One example Rose gives is in elections. Voting behaviors tend to conform with beliefs of who is most likely to be elected rather than the candidate that voters genuinely prefer. This bias tends to hurt women and nonwhite candidates, as there is a collective illusion that white men are more “electable.”

The framing of collective illusions provides a helpful lens through which to think about how aspects of higher education persist, despite the private doubts that many in academia may hold.

One example that comes to mind is grading. How many of us continue to believe that summative grading is an effective tool to promote student learning? Given all that we know about the ineffectiveness of high-stakes exams as measures of long-term retention and as predictors of future success, why is it that high-stakes exams and final course grades are still the norm?

The same questions can be asked about student teaching evaluations. We know they are biased, unreliable and ineffective measures of teaching quality, and yet we persist in utilizing them for decisions related to promotion and tenure.

On the academic staff side, we all endure the performative theater of the annual performance review. We participate in this process, both giving and receiving reviews, even though we understand that the exercise is primarily designed to provide documentation to help institutions move out chronic underperformers and does little to build motivation or actionable guidance for most academic staff.

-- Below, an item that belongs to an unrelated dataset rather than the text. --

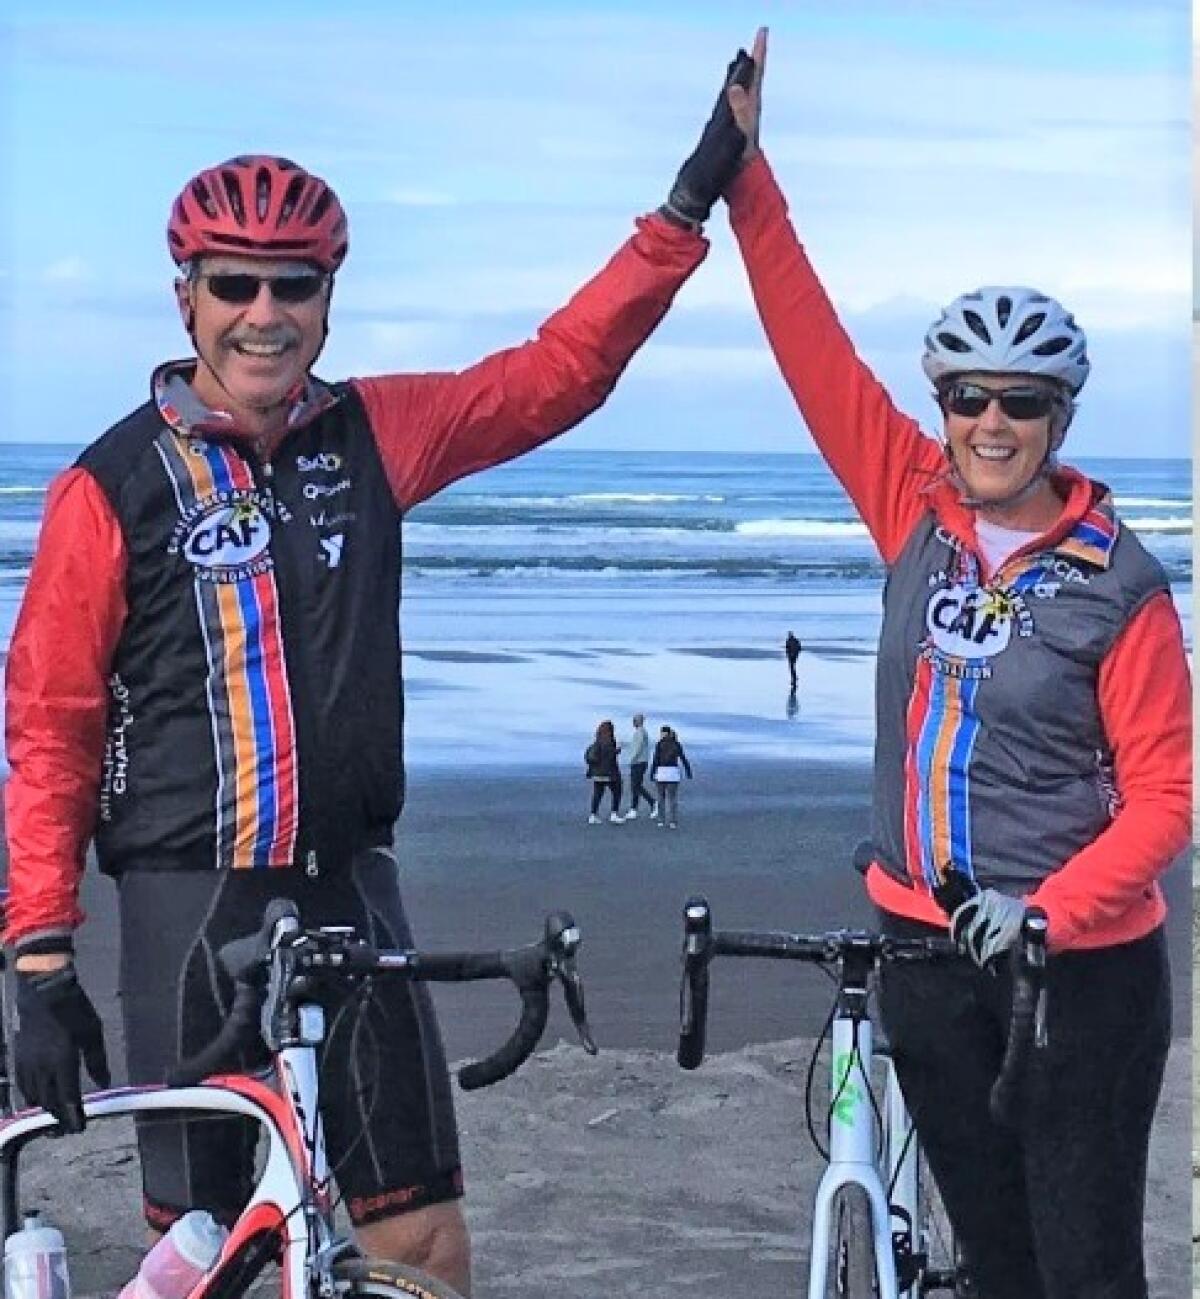 Bill Geppert and wife, Amy, left the West Coast April 29 on a bike ride to Virginia Beach to benefit challenged athletes.

Academics are likely as guilty as everyone else in conforming to what we understand to be shared norms of thinking and behavior, at least within the context of our colleges and universities.

Reading and discussing Collective Illusions might at least provide us with a safe space to have campus conversations about what we believe about how things are done at our institutions and across higher education.

We might find to our surprise that some long-standing practices in academia have fewer defenders than we imagine.